In the last 35 years, the "social determinants of health" approach has gained considerable interest as a method to help explain the existence of health inequalities among individuals and populations [4]. This is because while good medical care is important, there is growing recognition that it is not enough to overcome current health inequalities [5].1 Non-clinical factors such as socioeconomic status, race and ethnicity, and family composition need to be considered as well.

Child health and measures of socioeconomic status2

The most frequently assessed social determinant in child health research is socioeconomic status (SES), most notably income. In general, most studies have shown that children in low-income households are more likely to experience respiratory illnesses, injuries, and other adverse health outcomes [610]. One major explanation for the association between income and child health is that families with a high income may be able to provide their children with more goods, services and resources that can benefit their children and prevent them from experiencing adverse health outcomes [8]. However, it is important to realize that the effect of income depends on the health outcome being investigated. For example in England, Currie et al. [10] found only weak evidence of an income gradient associated with subjectively assessed general health status, and no evidence of an income gradient associated with chronic conditions except for asthma, mental illness, and skin conditions [10]; this is in contrast to a large US study done by Case et al. [11] where a strong income gradient was found. The income gradient has even been found to disappear when other factors are considered such as parental stress, as an aspect of mental health [12], or may be dependent on the age of the child [13, 14]. There is also a suggestion that having a high income may in fact increase the likelihood that a child develops allergies and asthma due to the "hygiene hypothesis" and the notion that an increase in these conditions is a result of less exposure to immune-building microorganisms and parasites in more affluent households [15, 16].

Other dimensions of SES have also been examined, although not to the same extent as income.
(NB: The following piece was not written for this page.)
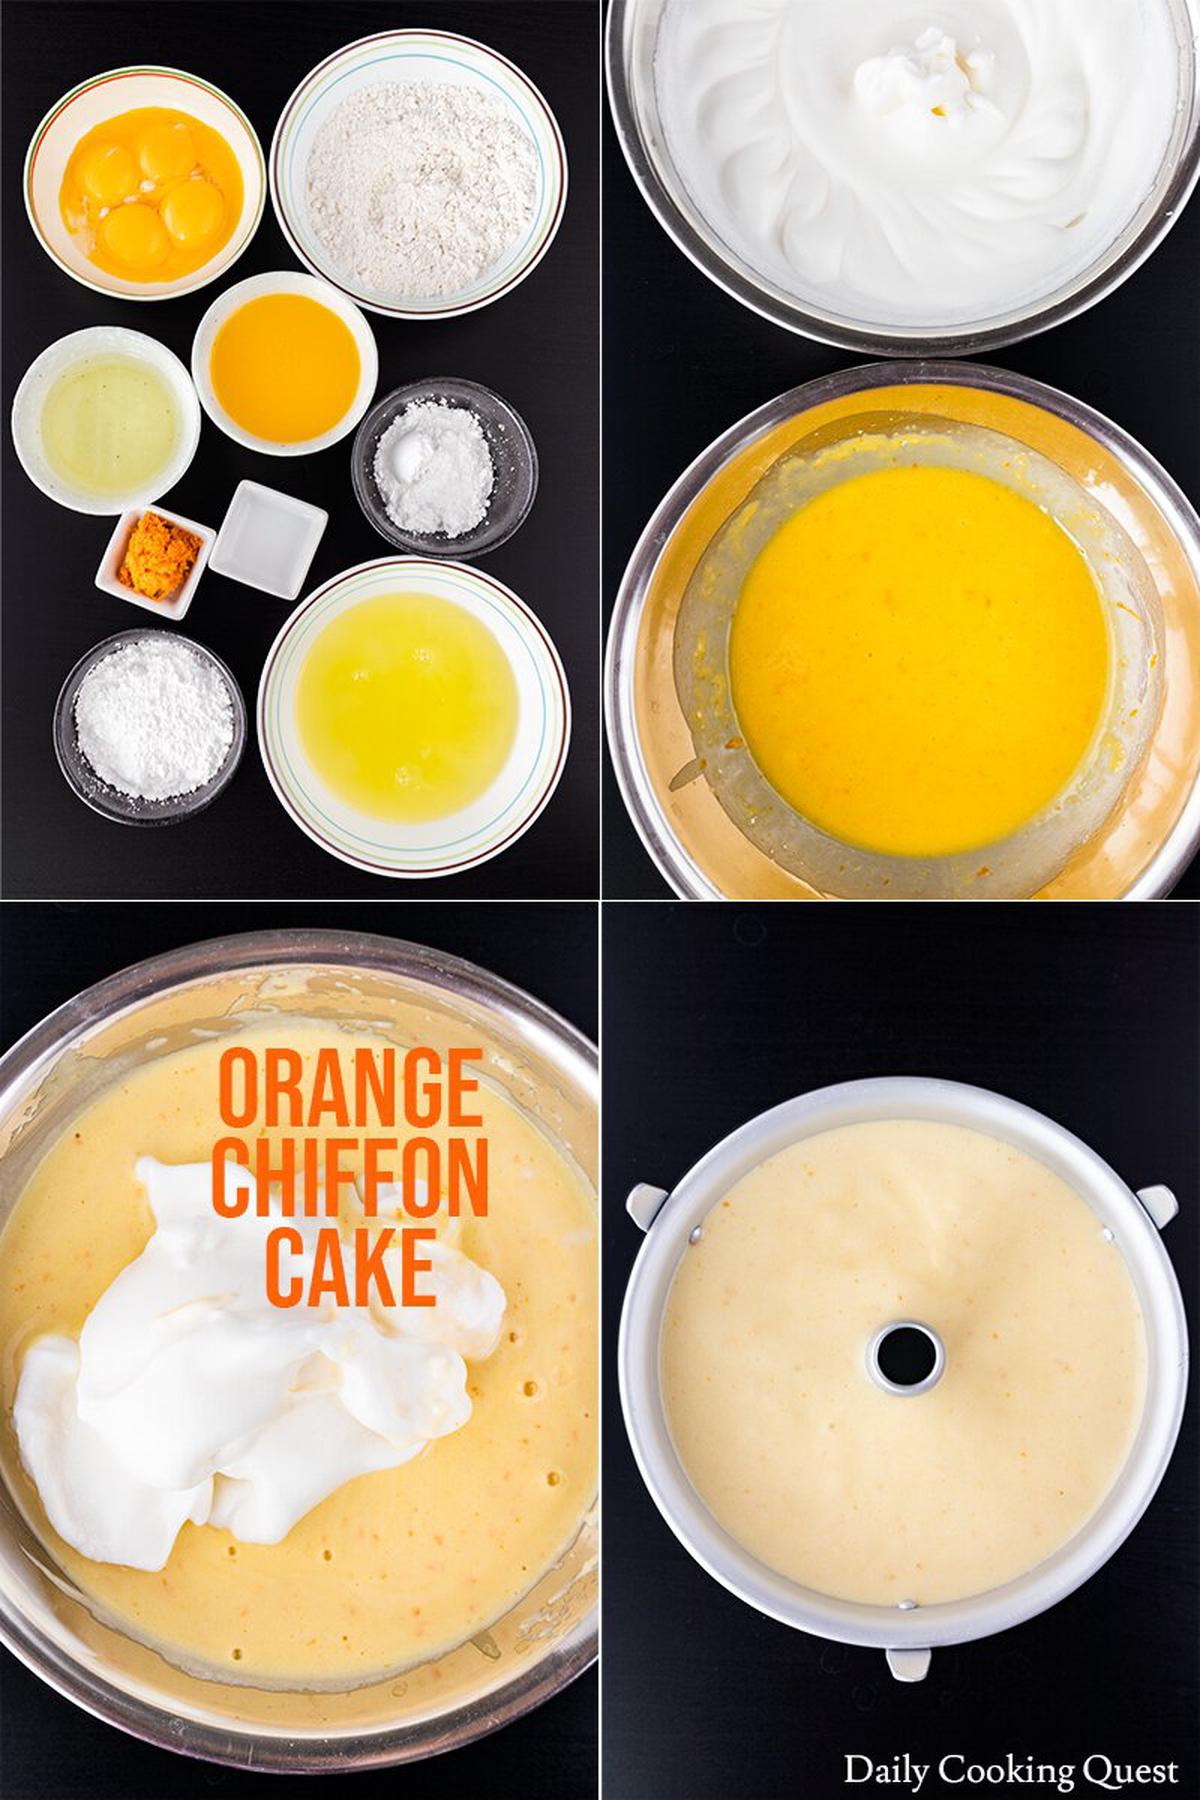 Orange Chiffon Cake - the ingredients and how to prepare the batter

For example, in a US study by Schnittker [17], and using two large nationally representative datasets, it was found that the relationship between income and health varied significantly by level of education (but the study was not specific to child health) [17]. In a recent US study by Herd et al. [18], it was furthermore shown that education was a greater predictor than income of the onset of health problems, but that income was more strongly associated with the progression of health problems than education [18]. Similarly, the education component of SES, especially maternal education has been shown to be strongly associated with the prevalence of childhood respiratory infections [19]. Parental unemployment has also been linked with an increased prevalence of chronic illnesses, infections, and poor nutrition, independent of the financial strain associated with unemployment [2022].

Other determinants3

Several studies have shown differences in the prevalence of asthma [23, 24], migraines [25], ear infections [26], and various allergies [23, 27] among different ethnic groups in the US. For example, Smith et al. [27] found that African American children were at greater risk of having asthma than Caucasian children but only among the very poor [28].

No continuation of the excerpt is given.